INSTRUCTIONS FOR THE TASK: Omit every picture and return the rest of the data unaltered.

DATA BELOW:

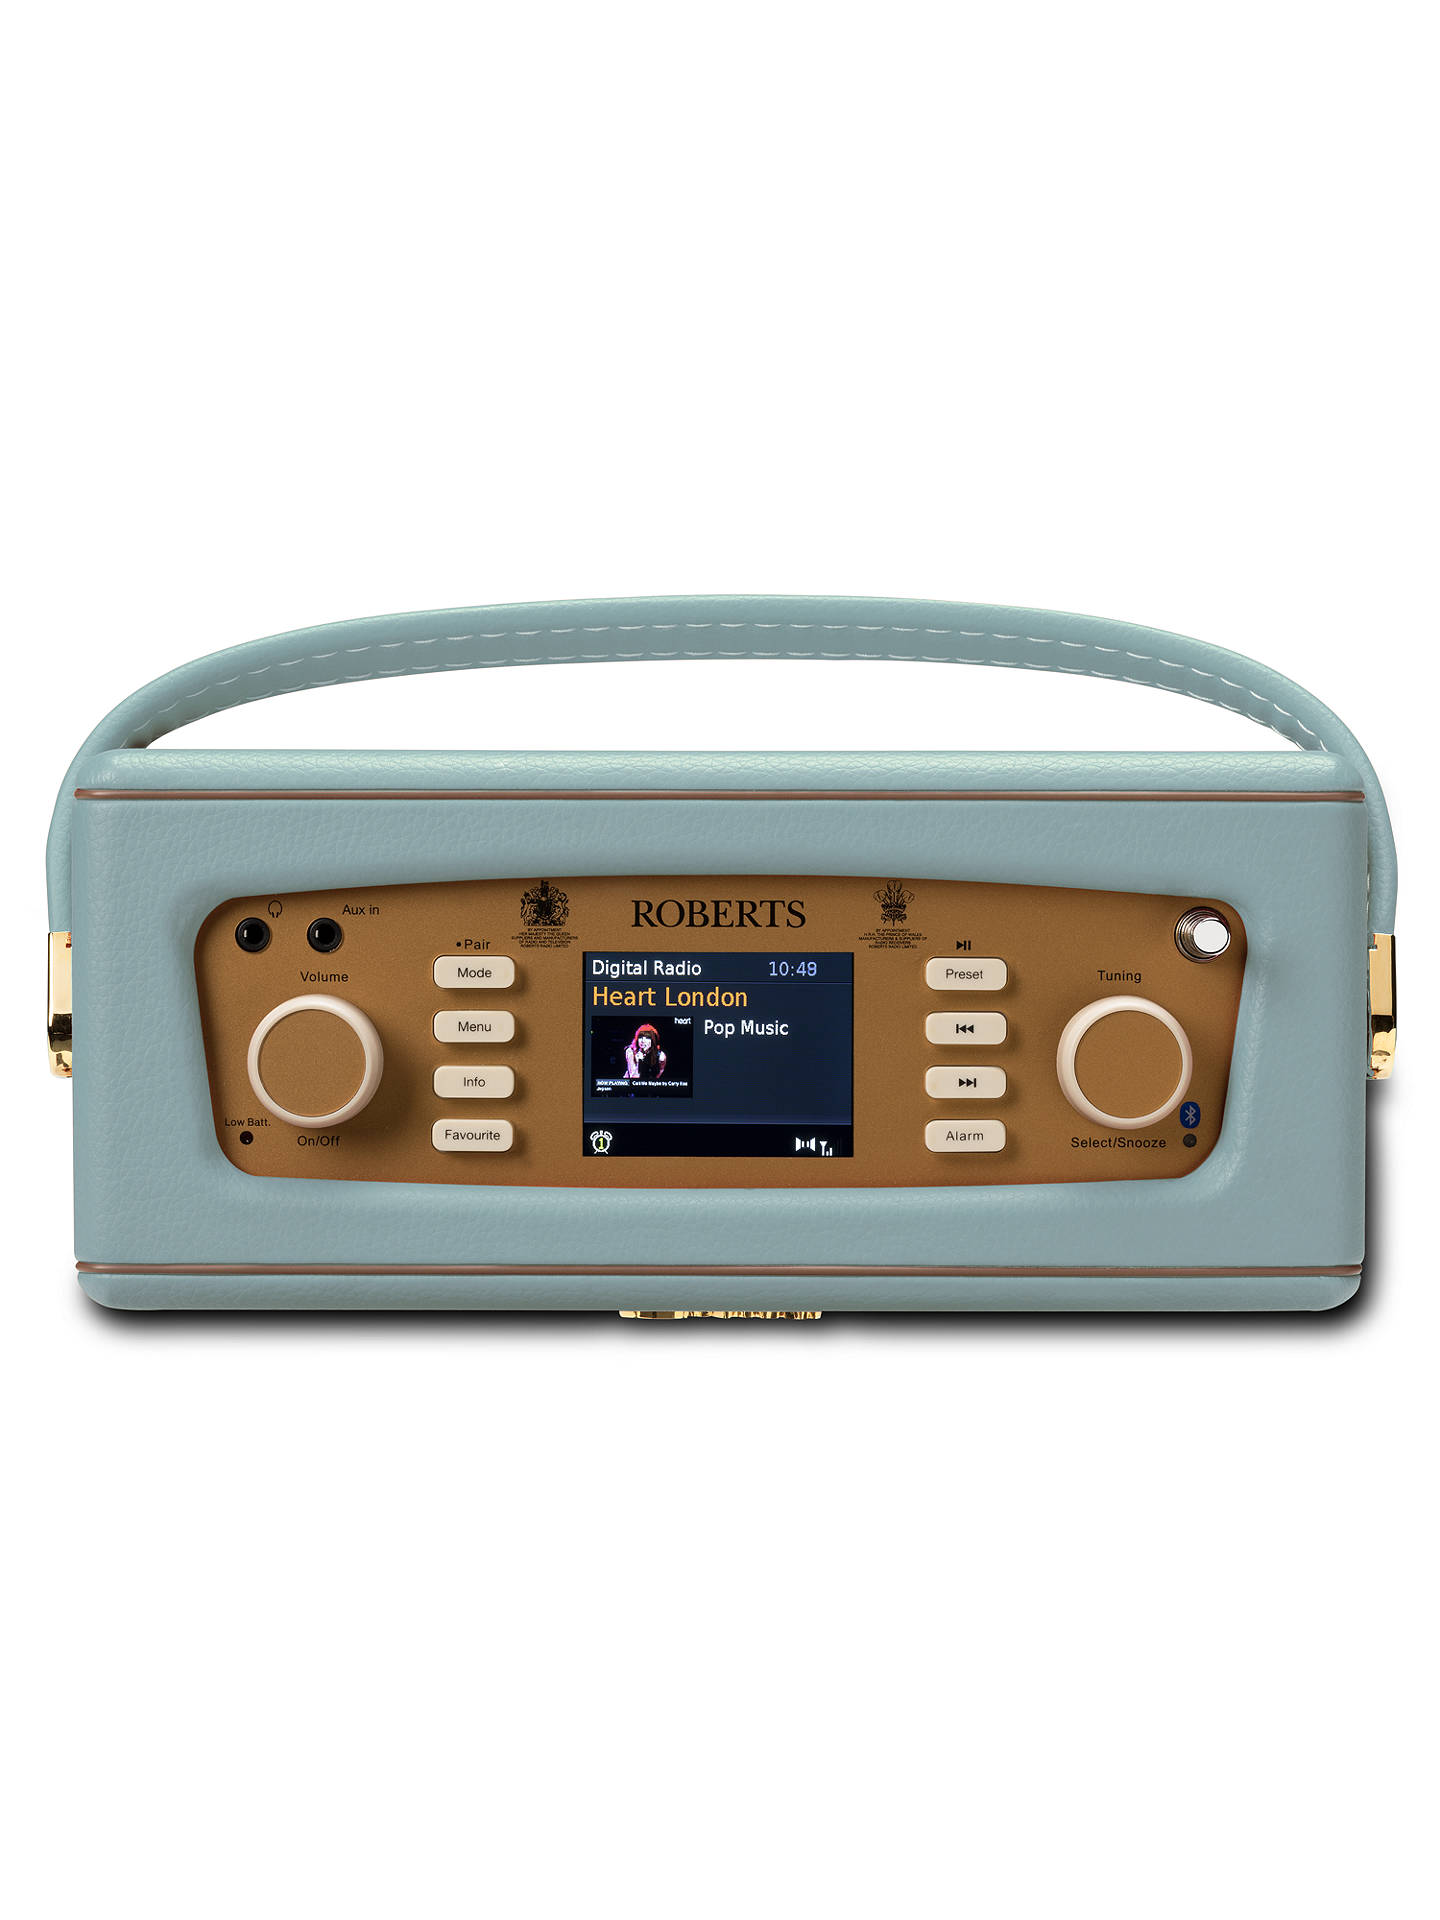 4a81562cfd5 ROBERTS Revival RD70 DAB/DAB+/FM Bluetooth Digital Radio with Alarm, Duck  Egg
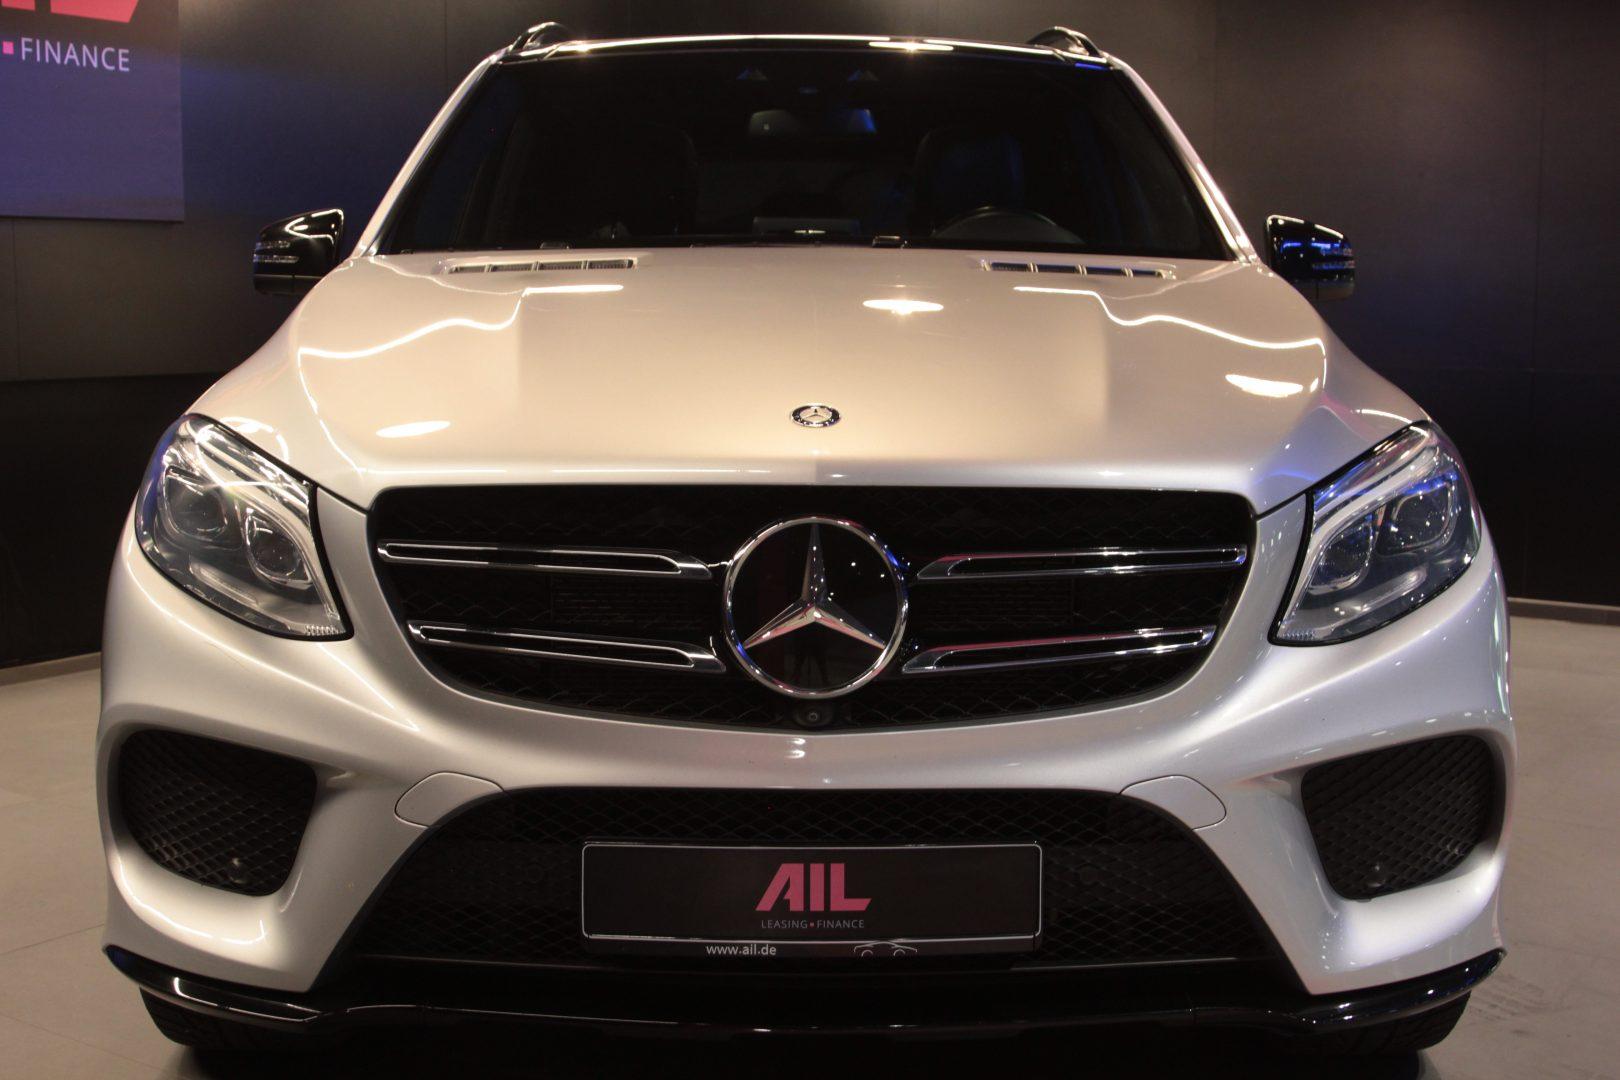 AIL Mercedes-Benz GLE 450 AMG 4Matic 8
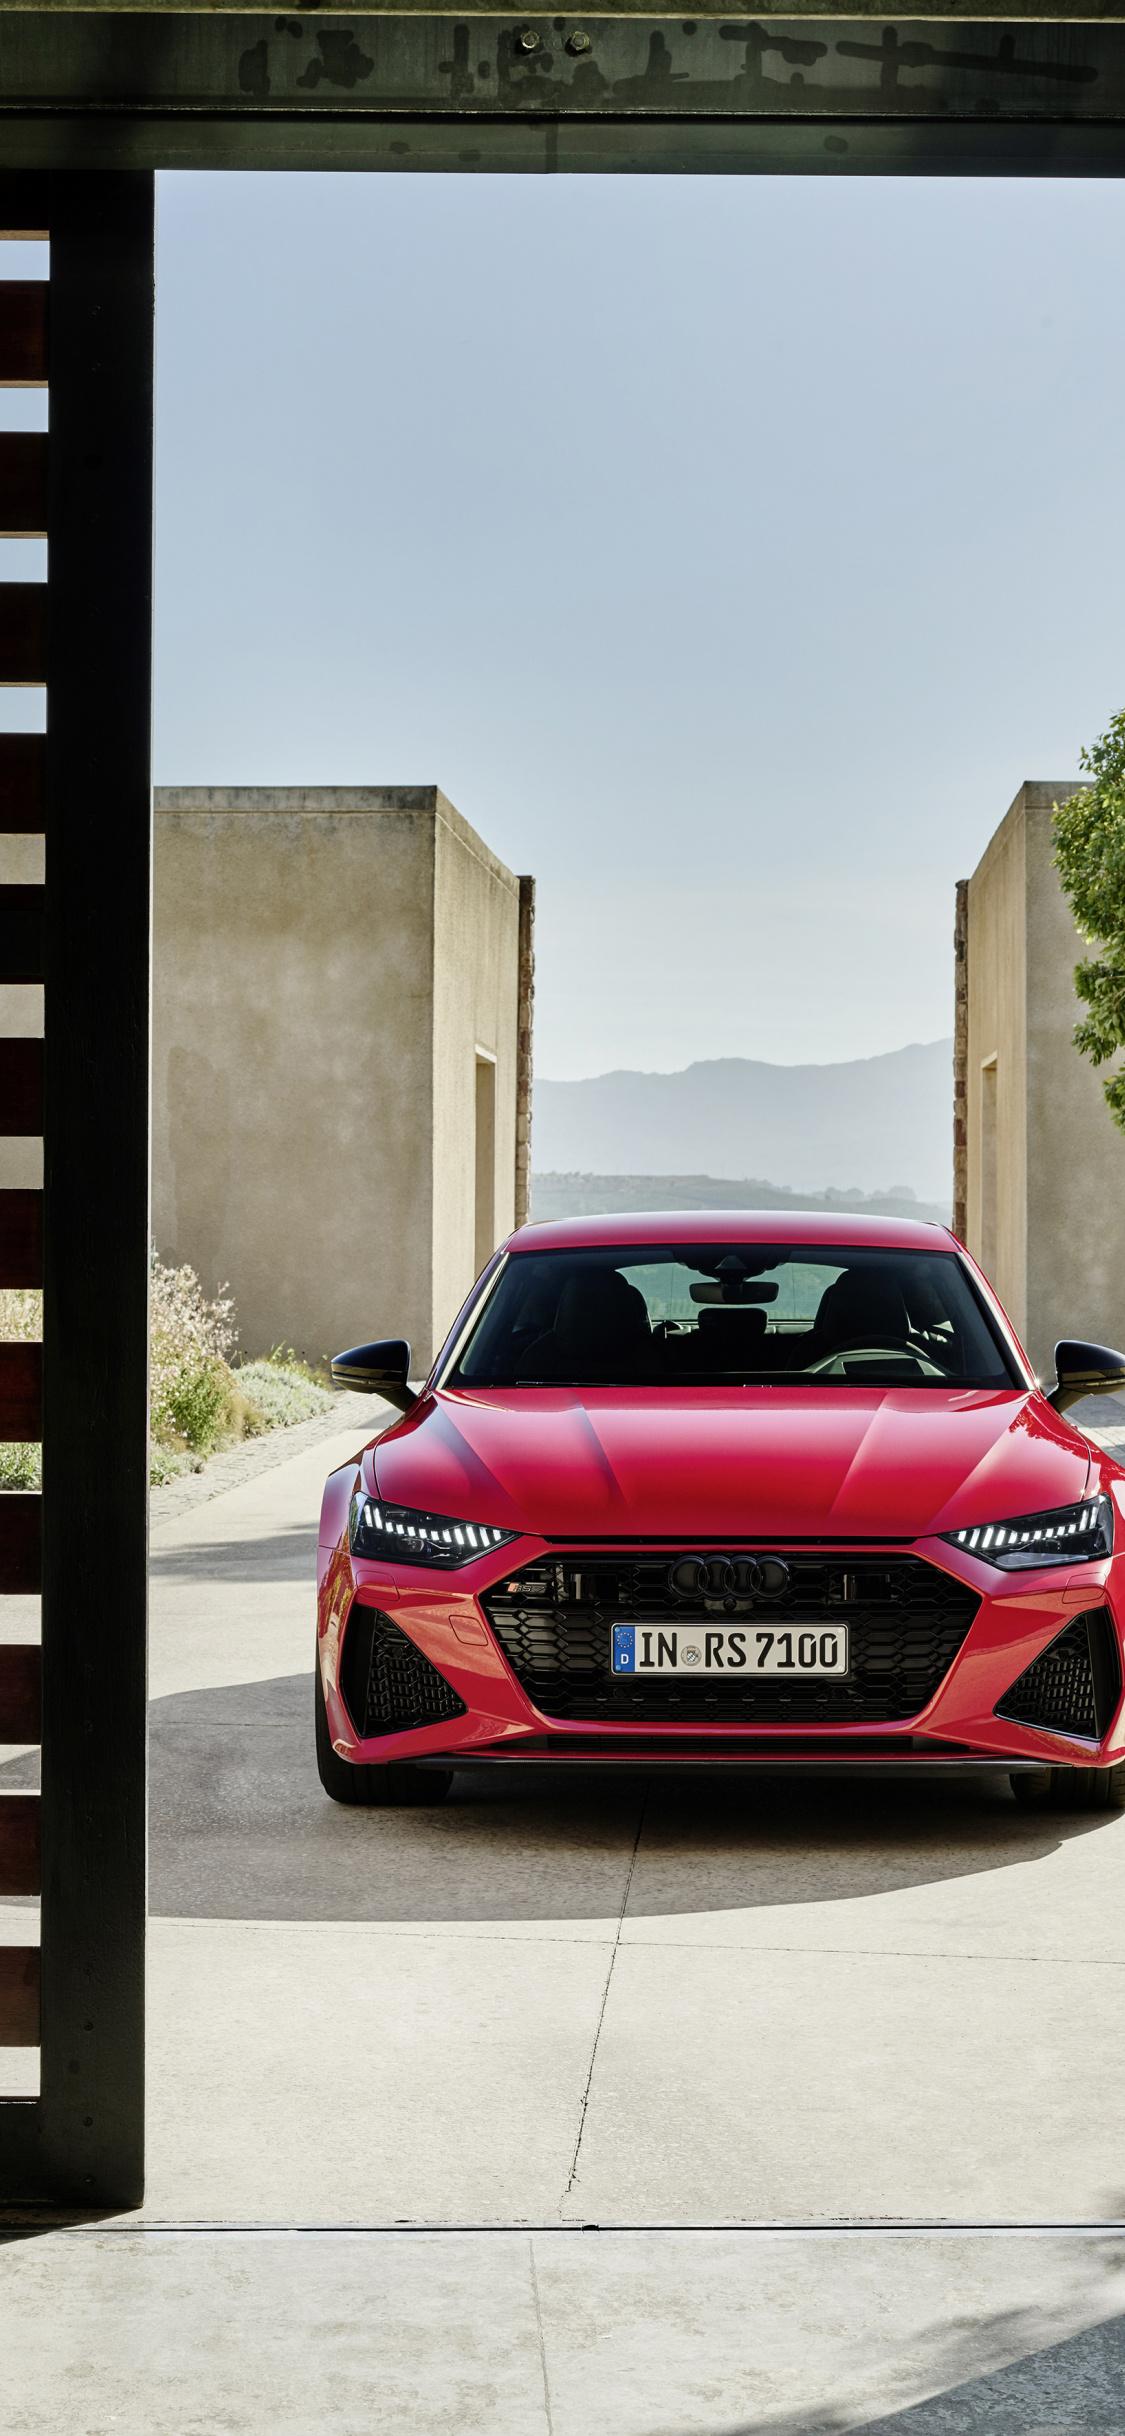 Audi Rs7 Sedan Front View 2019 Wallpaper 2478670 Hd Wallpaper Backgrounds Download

SOLUTION FOR THIS PROBLEM:
 4a81562cfd5 ROBERTS Revival RD70 DAB/DAB+/FM Bluetooth Digital Radio with Alarm, Duck  Egg
 AIL Mercedes-Benz GLE 450 AMG 4Matic 8
 Audi Rs7 Sedan Front View 2019 Wallpaper 2478670 Hd Wallpaper Backgrounds Download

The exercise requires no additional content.